Bulls and bears

Regional markets slide on oil and yuan news

STI also loses ground amid lack of festive cheer as investors eye uncertain year end

Regional markets, including the local bourse, lost ground again yesterday after being rocked by news that both the oil price and the Chinese currency have hit fresh lows.

Singapore's benchmark Straits Times Index (STI) fell 13.83 points or 0.49 per cent to 2,834.63. For the week, it dropped 1.54 per cent, with a decided lack of festive cheer as investors eye an uncertain year end.

Once again, plunging oil prices were a top concern for the emerging markets, after the global crude benchmark Brent futures fell to its seven-year low at US$39.13 (S$55).

But, increasingly, investors are seeing more cause for concern beyond persistently weak commodity prices and the impending Federal Reserve rate hike, as the Chinese yuan hit a full-year low and the United States dollar rose to around 6.4563 against the yuan.

"A US rate hike would have a major impact on money flows out of emerging markets, including Hong Kong and China. Also, if the yuan continues to depreciate, that is negative to stocks as well, because it means investors are not confident about China's economic restructuring," First Shanghai Securities chief strategist Linus Yip told Reuters.


Little wonder that Shanghai shed 0.6 per cent yesterday, pushing the weekly drop to 2.6 per cent. Hong Kong lost 1.11 per cent, and Sydney was down 0.18 per cent. Tokyo managed a 0.97 per cent rise, but was still off 1.4 per cent for the week.

In Singapore, 22 constituent stocks on the STI ended lower, with Jardine Cycle & Carriage down $1.12 or 3.21 per cent to $33.80 - the top-losing blue chip yesterday.

All three local banks dropped, led by United Overseas Bank with a nine-cent or 0.47 per cent drop to $19.16. DBS Group Holdings was down five cents or 0.30 per cent to $16.41, and OCBC Bank closed two cents or 0.23 per cent lower at $8.62.

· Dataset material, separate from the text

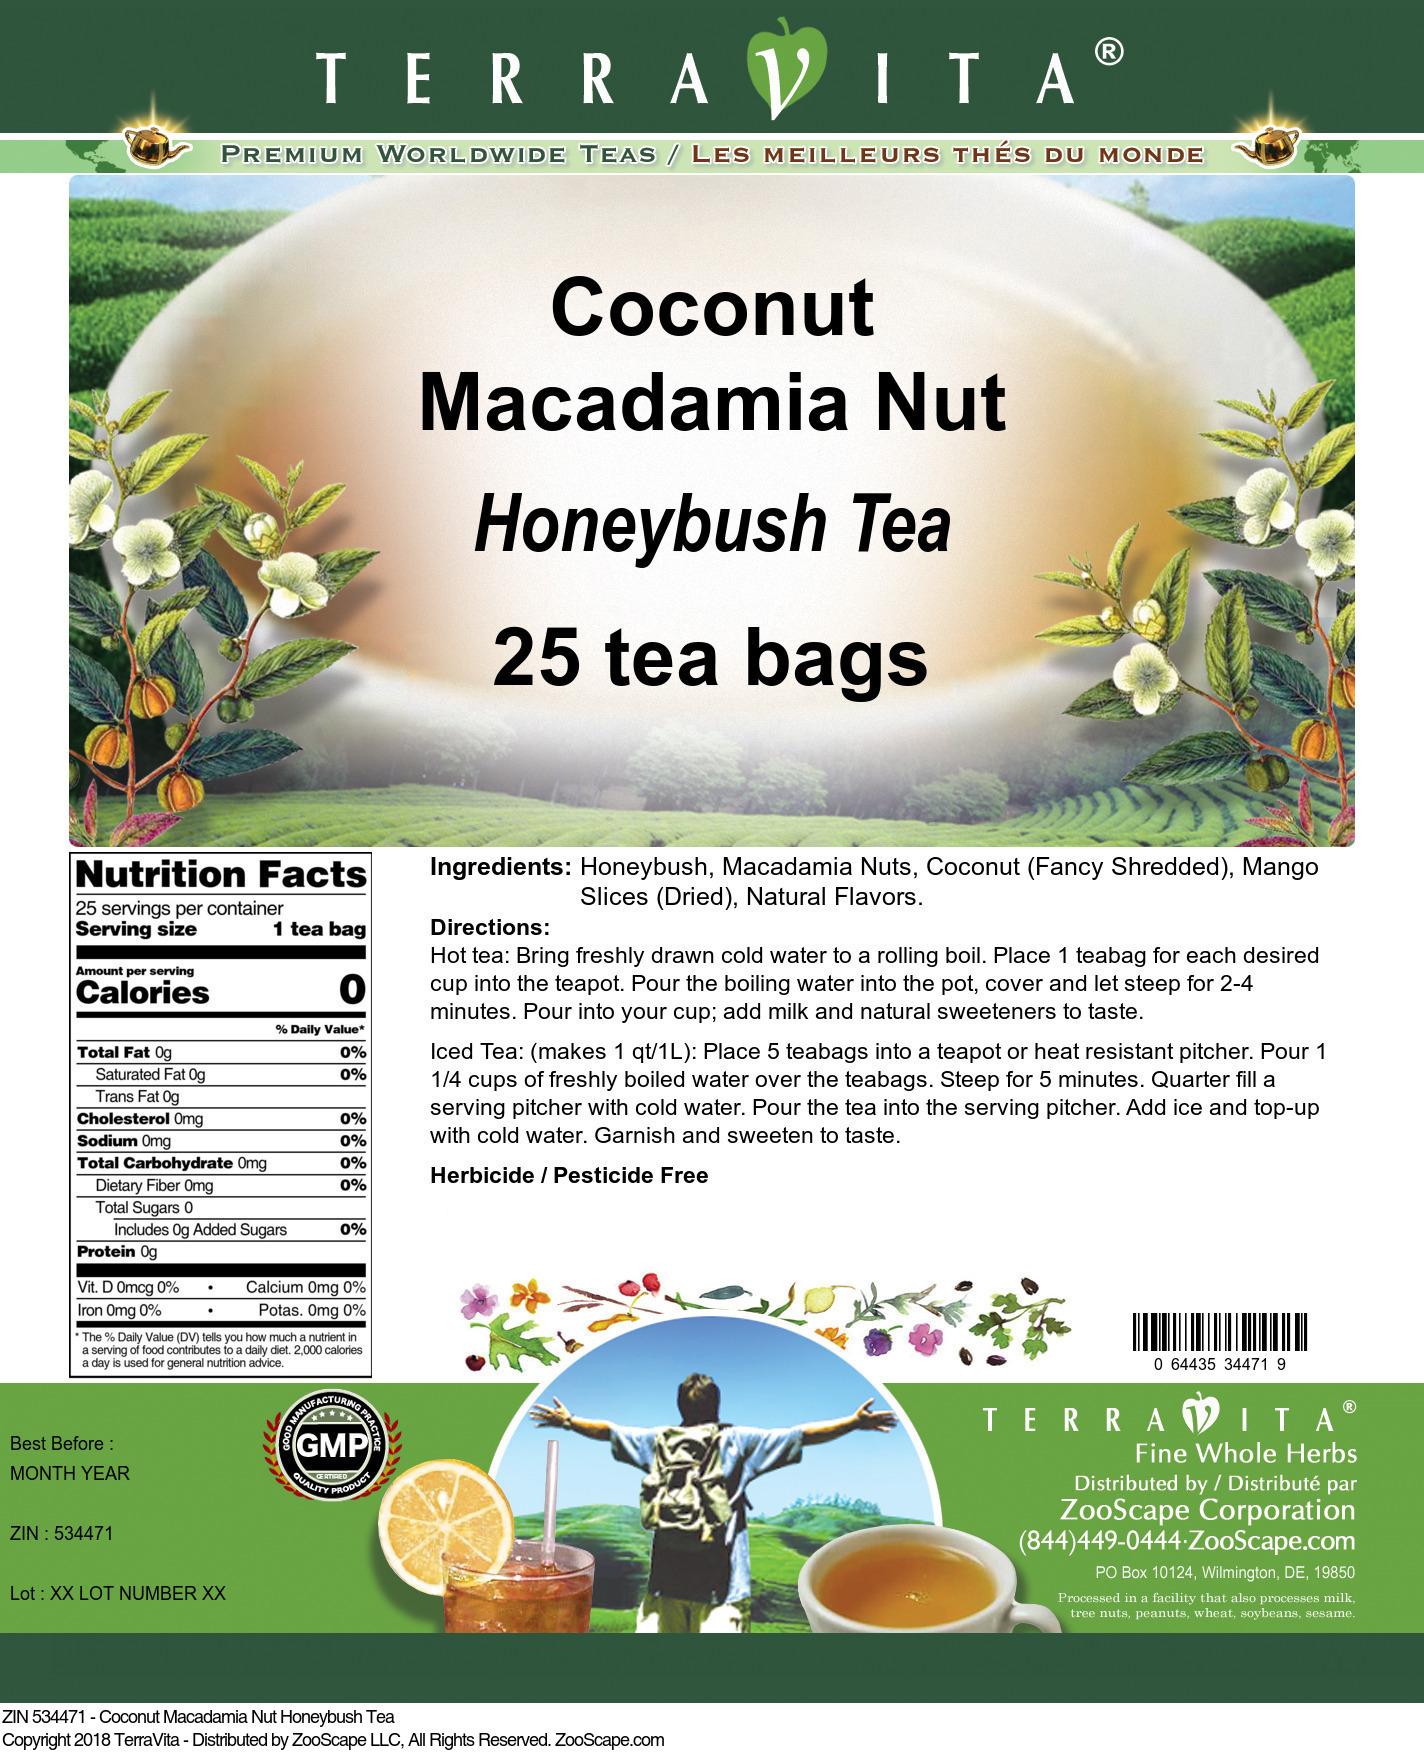 Coconut Macadamia Nut Honeybush Tea

Banking plays are regarded as a safe bet, given that the widely expected rate hike may boost the banks' interest margins. But DBS analyst Lim Sue Lin said the boost may actually be limited.

"We believe the net interest margin (NIM) uptick may be muted as we expect funding costs to catch up, dampening the impact of loan yield increases on NIM," she said in a note yesterday. "If the excitement of the NIM spike for the Singapore banks cools off, there leaves hardly any drivers for growth in 2016."

Among the top-performing STI constituents, the Singapore Exchange (SGX) gained the most, rising seven cents or 0.95 per cent to $7.47, while Singapore Press Holdings put on one cent or 0.26 per cent to close at $3.88.

Outside the blue-chip segment, Jasper Investments was the top active counter of the day, with 36.2 million shares transacted. It rose 0.4 cent or 50 per cent to 1.2 cents.

BHG Retail Reit had a muted debut on the SGX yesterday, closing flat at 80 cents, its offering price.

Singapore Post fell four cents or 2.28 per cent to $1.715.